If we consider what beliefs Saudi Arabia holds vis a vis Shia Muslims, and how frighteningly open its clergy has been as to what fate should befall Shiites, one must indeed ponder over the means the state will employ to enforce its hatred.
By HRW’s own admission such patterns of behaviours have comforted radicals in their sectarian pursuit. “The Islamic State and al Qaeda have used it to justify targeting Saudi Shiites with violence: Since mid-2015, the Islamic State has carried out attacks against six Shiite mosques and religious buildings in Eastern province and Najran, a southwestern city that also has a large Shiite population, killing more than 40 people,” the rights group stated.
Saudi Arabia’s ire against Shia Islam … and other Abrahamic faiths is as old as it has been vocalised.
In the opening fatwa of a Saudi government booklet distributed to educate Muslim immigrants in 2005 by the Saudi embassy in the United States, the Grand Mufti of Saudi Arabia asserted that any one cleric who would ever dispute that Jews, Christians and Shia Muslims were infidels worthy of the sword was himself an infidel.
He said: “He who casts doubts about their [Christians, Jews, and Shia Muslims] infidelity leaves no doubt about his own infidelity.”
School-children are not the only target of Saudi Arabia’s anti-Muharram vicious campaign.
The Governor of Qatif, at the behest of Riyadh, issued a series of warnings to the province’s Shia community regarding their right to assembly and freedom of religion, and the subsequent steps the authorities would take to crack down on Shia Islam during the holy month.
Tents housing Muharram mourners have been destroyed by the State.
With nowhere to congregate, worshippers peacefully took to the streets – turning their neighbourhood into giant mourning halls.
It is difficult to rationalise how a country like Saudi Arabia, a staunch supporter of counter-terrorism according to U.S. Secretary of State Mike Pompeo, and members of the United Nations Human Rights Council can be allowed to violate its nationals’ most fundamental and basic human rights.
Earlier this year, London-based lawyers Rodney Dixon QC and Lord Kenneth Donald John Macdonald called for the suspension of Saudi Arabia’s membership from the Rights Council noting it would “act as a major lever for the government to clean up their act and make a proper new start”.
Our collective apathy before Saudi Arabia’s rising religious inquisition will only serve to empower dangerous fanaticism in a region already plagued by religious extremism.

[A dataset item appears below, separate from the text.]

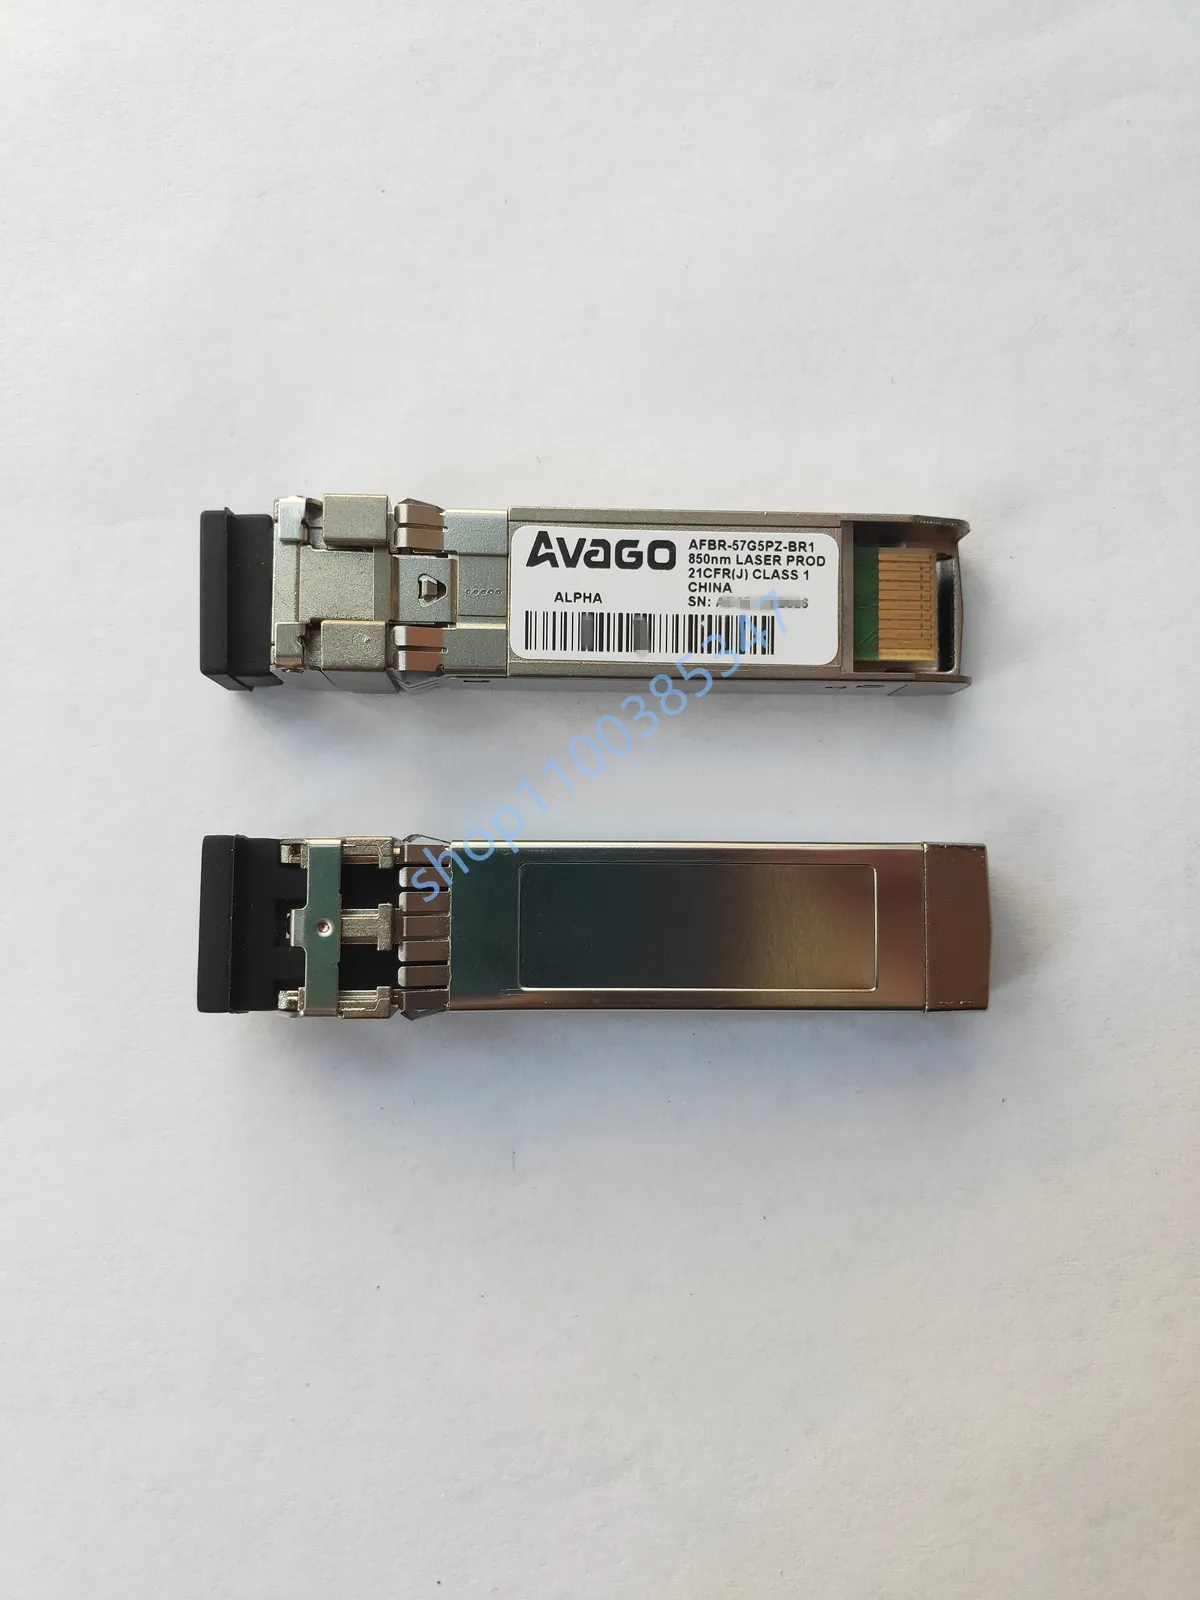 

AVAGO 32G fiber transceiver AFBR-57G5PZ-BR1 AVAGO 32GB module sfp

It stands to reason to stamp out every and all forms of radicalism if indeed we ambition to forever disappear terror.
Catherine Shakdam is a research fellow at the Al Bayan Centre for Planning & Studies and a political analyst specializing in radical movements. She is the author of A Tale of Grand Resistance: Yemen, the Wahhabi and the House of Saud. She writes exclusively for the online magazine “New Eastern Outlook”.